What is a string?

Strings in the way computers represent textual information.

Classes of problems on strings

Most problems with strings have to do with search a string or a list of strings/patterns in another string.

String representation

Encodings

In computer memory, strings are nothing more that binary data.

Data in computer memory

Data in computer memory

In order to interprect what the value 0x48 (first 8 bits) means in terms of characters, we need an encoding.

The problem of encoding predates computers. For example, Morse code is an encoding between short and long sounds to Latin script.

Typical String Encodings

  • 1-byte encodings: EBCDIC and ASCII
  • 2-byte encodings: CJK (for logographic languages), Shift-JIS
  • multibyte-byte encodings: Unicode UTF-8

ASCII

ASCII was originally a 7-bit encoding.

The ASCII character table

The ASCII character table

Fun with ASCII

ASCII characters are representable as numbers. This means that we can do arithmetic on them.

#include<stdio.h>

main() {
    for (int i = 0; i < 128; i++)
      printf("%c ", i);

    printf("%d\n", c);    

    for (int i = 128; i < 256; i++)
      printf("%c ", i);
}
The ASCII character table

The ASCII character table

ISO-8859-*

To accomodate different languages with characters in non-Latin scripts, or special characters (e.g. ø, ß, ç) in Latin-based languages, ASCII was extended with an 8th bit.

This allowed operating systems in most of the world (non-logographic languages) to use the American string representation as a basis and only customize encodings when the extra characters where required.

Q: What problems did this create?

A file encoded in ISO-8859-7 (Greek) could not be read correctly in a computer configured with ISO-8859-1 (Latin-1).

Encodings

Encodings

Unicode

The world has around 7k languages and 3.8k writing systems. Unicode is an effort to specify 1 string encoding scheme for everything. The latest version contains a repertoire of 136,755 characters covering 139 modern and historic scripts, as well as multiple symbol sets (e.g. music, math, emoji).

Unicode defines a lookup table between a unique character ID and a character name / description

  • U+01E8 Ǩ LATIN CAPITAL LETTER K WITH CARON
  • U+0E57 ๗ THAI DIGIT SEVEN
  • U+1F638 😸 GRINNING CAT FACE WITH SMILING EYES
  • U+262D ☭ HAMMER AND SICKLE

Representing Unicode text

The word hello is represented in Unicode as:

U+0068 U+0065 U+006C U+006C U+006F

Q: How would you store that on disk?

One way would be to store the bytes: 00 68 00 65 00 6C 00 6C 00 6F

However, this assumes that Unicode symbols have equal probability of being used, while we can only store \(2^{16}\) characters.

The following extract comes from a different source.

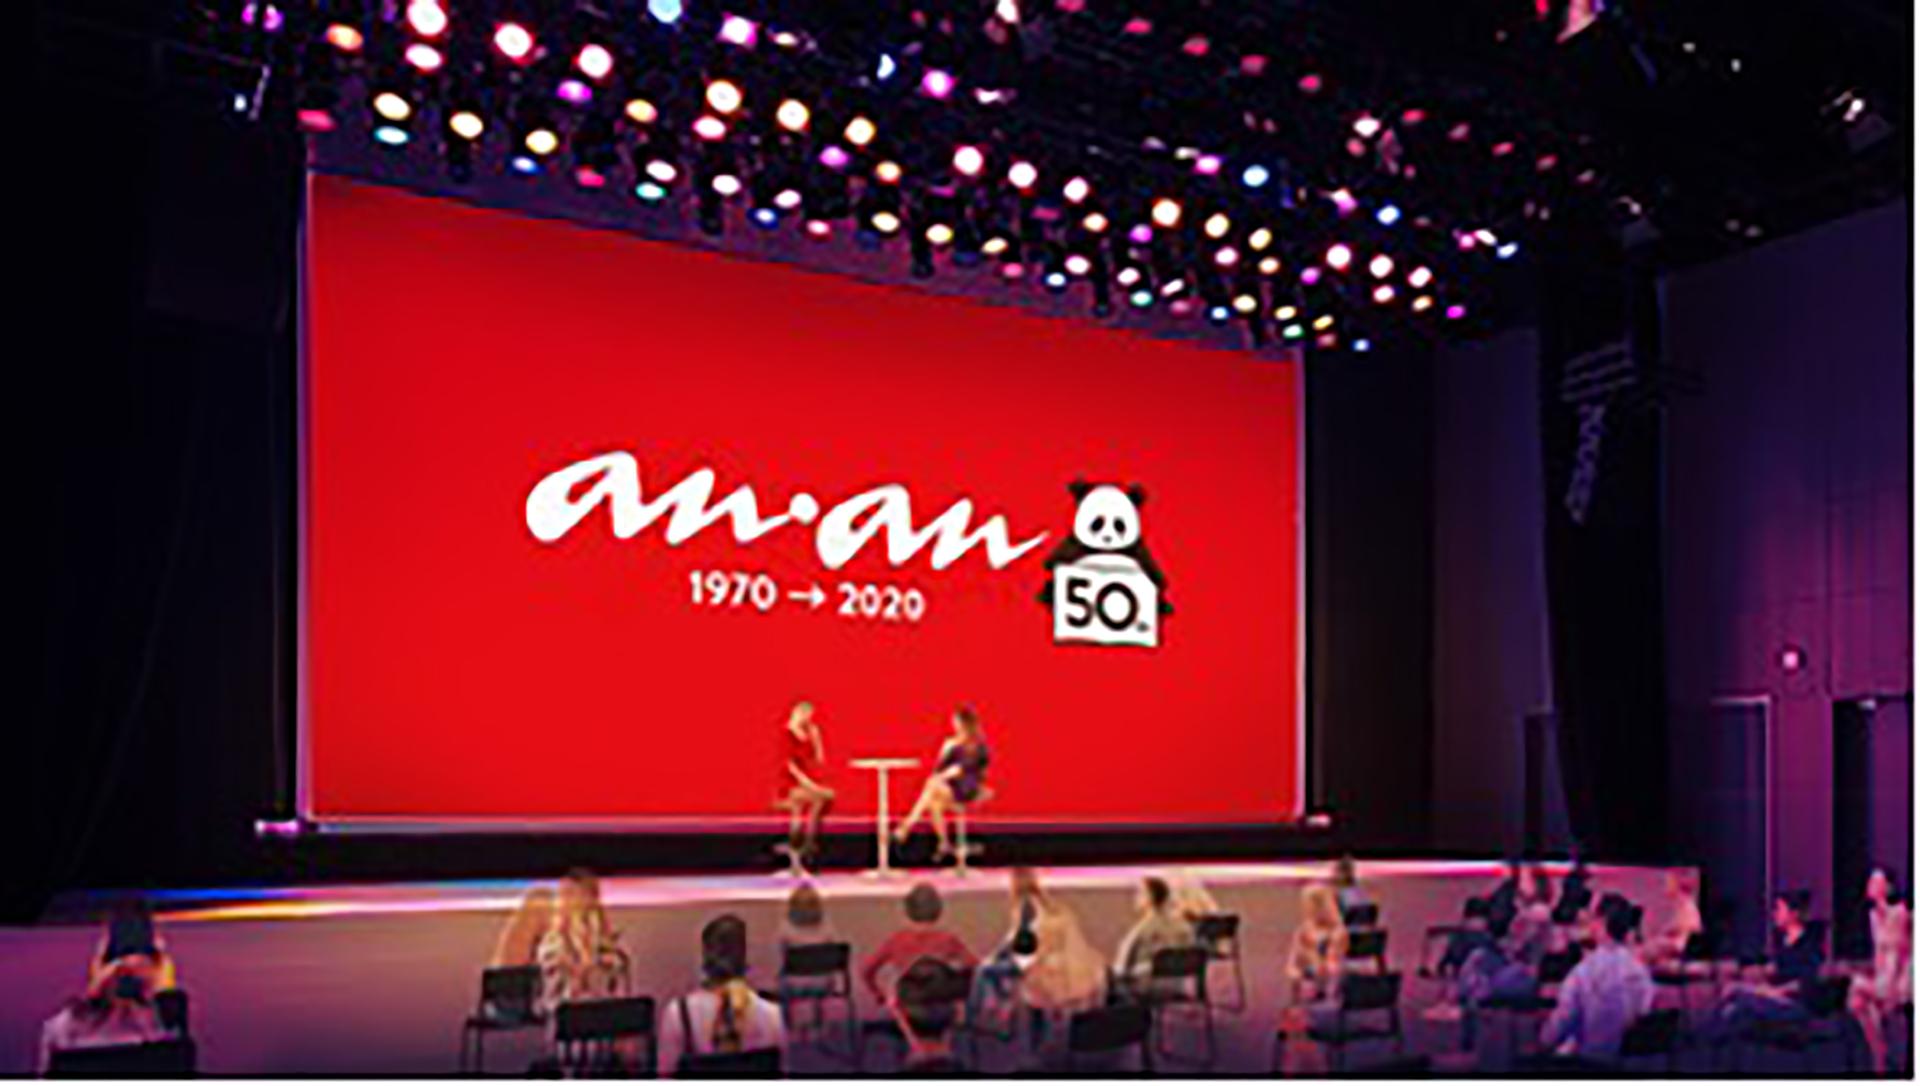 SHIBUYA SCRAMBLE FESTIVAL 2020 Produced by anan
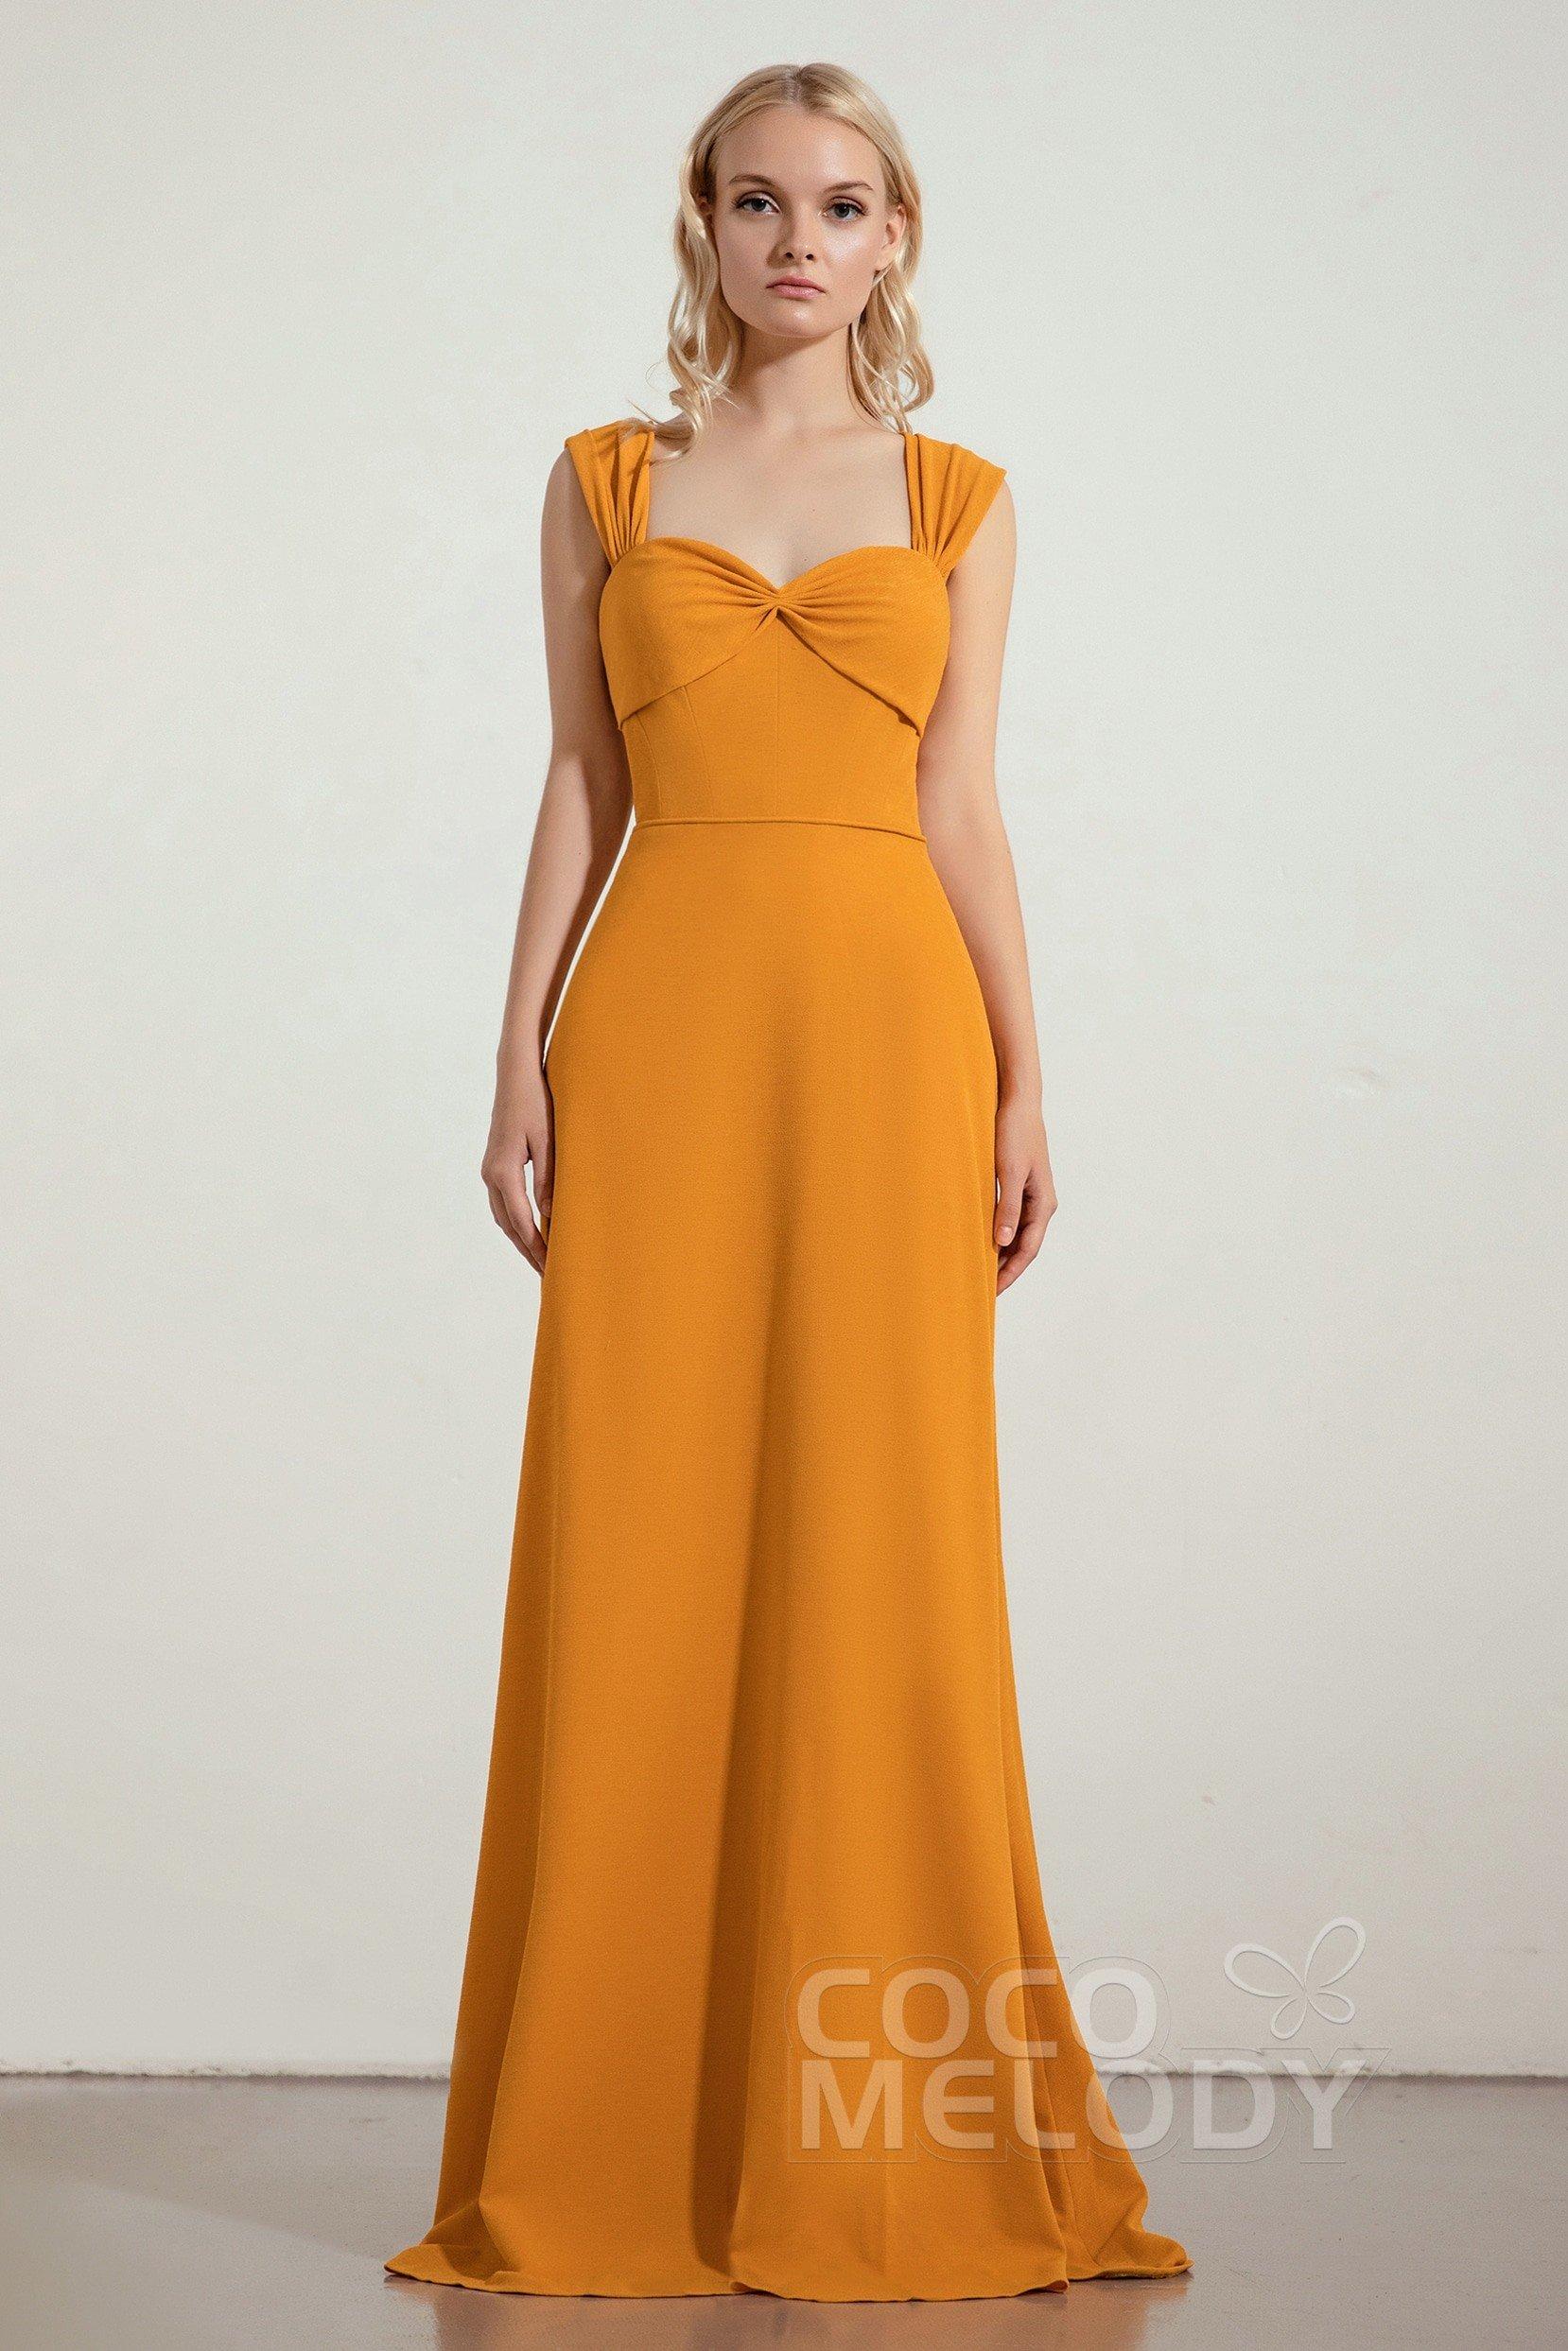 d81d4da95cdc Where To Buy Fabric For Bridesmaid Dresses - raveitsafe

The later can be solved in we use \(2^{32}\) bytes for each character.

UTF-8

To solve space issues we can use variable length encodings. The most common encoding format for Unicode data is UTF-8, developed by Ken Tompson and Rob Pike.

In UTF-8, the most common characters are encoded with less bits than more rare ones.

  • The first 128 characters need 1 byte, and correspond to ASCII
  • The next 1,920 characters need 2 bytes, and cover most western and middle-eastern languages
  • 3 bytes cover all spoken languages
  • 4 bytes cover emoji and other symbolic languages

Various Unicode bit encodings

For the character U+262D (☭), various Unicode encodings produce the following results

Unicode encodings for ☭

Unicode encodings for ☭

One thing to remember about strings in computers:

Characters and bytes are 2 different things

String distance

Approximate string matching

Approximate string matching (or fuzzy search) is a technique of finding strings that match a pattern approximately (rather than exactly).

Given a pattern string \(P\) and a string \(T\), find a sub-string \(T'\) in the set of all substrings of \(T\), so that the distance to \(P\) is minimal (for some definition of distance).

Q Can you think of an application of fuzzy searching?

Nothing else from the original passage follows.